It is admired the world over as an exquisite depiction of maternal grief. But Michelangelo’s Pieta has overshadowed two other moving sculptures on the same subject by the Renaissance giant.
That is why Florence’s Opera del Duomo museum in Italy is putting on display together for the first time all three versions of the Virgin Mary mourning over the body of her son Jesus Christ.
The Tuscan museum’s original Bandini goes on show Thursday alongside casts of the Pieta and Rondanini, which are on loan from the Vatican Museums.
Positioned to face each other in an intimate setting, there are striking contrasts between these variations, which mark different phases in the life of the artist, who died aged 88 in 1564.
The museum’s director, Timothy Verdon, said it was a unique opportunity to “observe Michelangelo’s intellectual maturation on the theme of the sacred.”
The exhibition, which runs until Aug. 1, “highlights the link between life and art in this religious sculptor, who served the popes for most of his career.”
The Pieta housed at the Vatican — masterfully executed when Michelangelo was not yet 25 years old — amazed his contemporaries, who were dazzled by the beauty of this virgin, clothed in billowing drapery.
The artist rejected criticism that his Mary was too youthful, saying purity kept women beautiful.

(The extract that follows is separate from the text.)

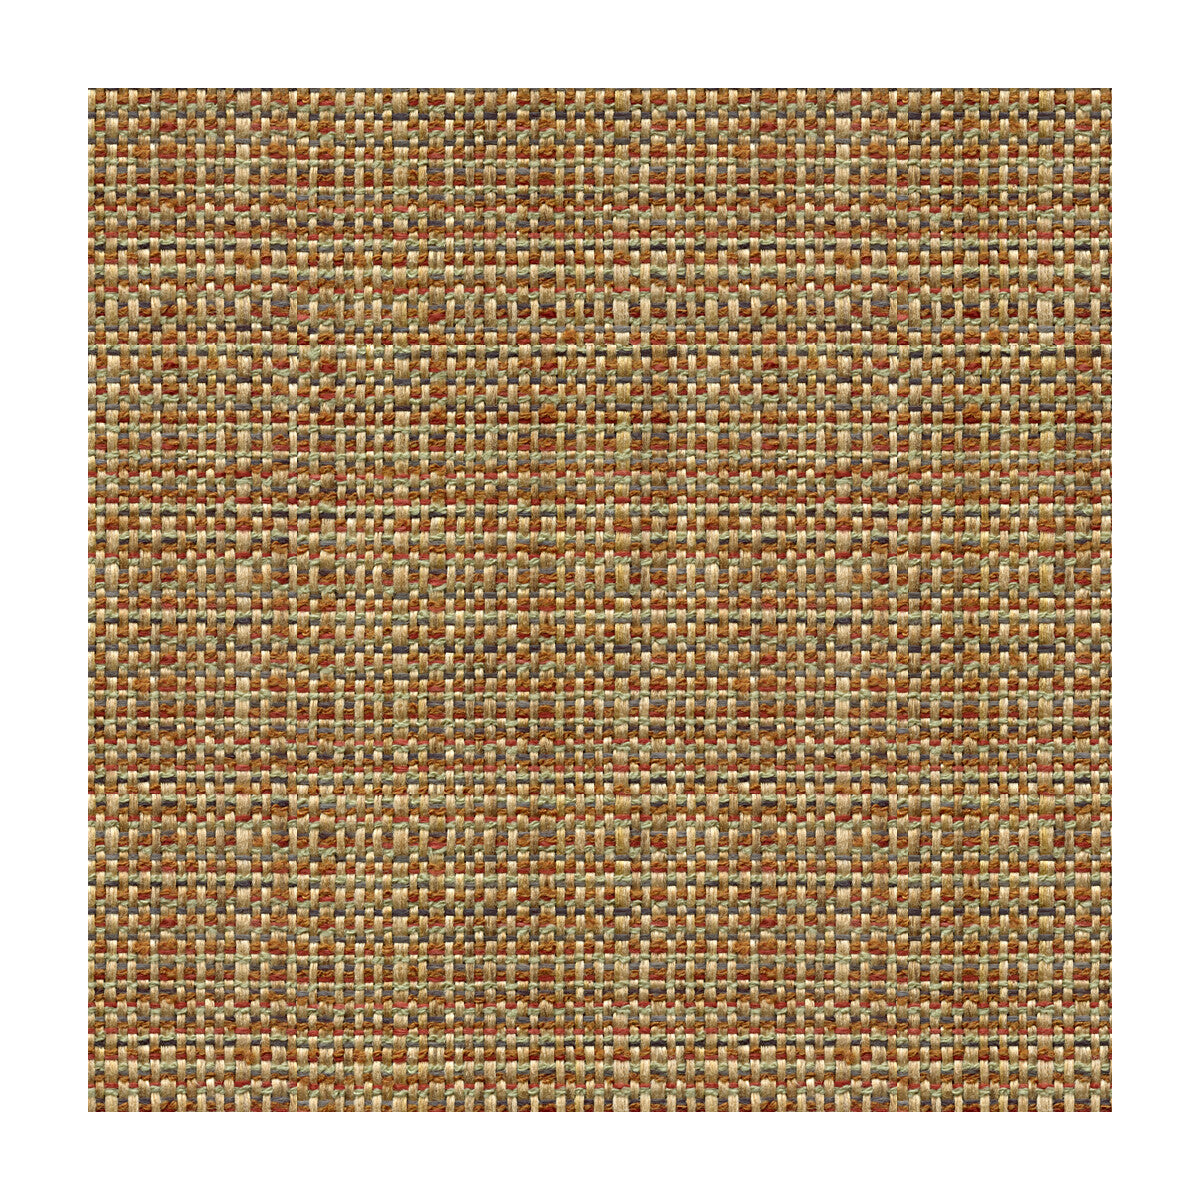 Kravet Smart fabric in 30667-916 color - pattern 30667.916.0 - by Kravet Smart

Mary cradles her 33-year old son, whose serene expression suggests he could almost be sleeping in a nod to the coming resurrection — the rising of Jesus from the dead in Christian belief.
This sculpture was damaged by a Hungarian hammer-wielding attacker in 1972, and the restored work of art is now protected behind bulletproof glass.
Centuries earlier, Michelangelo himself — dissatisfied with the Bandini, his second pieta — attacked it with a hammer, leaving marks which can still be seen today on Jesus’ shoulder and Mary’s hand.
This version was done when the then-72-year old artist was suffering from depression. Convinced death was near, Michelangelo took a vow of poverty and placed religion at the center of his life.
He lent his own features and beard to the character of Nicodemus, who dominates the Bandini, shielding Jesus, Mary Magdalene and Mary, who here has lost her earlier timeless beauty.
The Rondanini is without doubt the most surprising: stunningly modern, this stripped-down sculpture, about two meters high, was begun around 1552, when the artist was nearly 80 years old.
It was found in his home in Rome, where he worked until his death. Juxtaposing the three works “allows us to measure the evolution of Michelangelo’s style over the 50 years that separate the first pieta from the other two, and the even more drastic and striking change between the last two,” Verdon said.
The last pieta feels unfinished and far removed from the aesthetic canons of the time, but experts also see it as a message of faith and the importance of looking beyond appearances to the essential.
Gone is the rich drapery, gone are the supporting characters.
Mary and her son, whose faces and bodies are reduced to sketches, are once again represented alone in an extreme simplicity that reinforces the spiritual power of Michelangelo Buonarroti’s last work.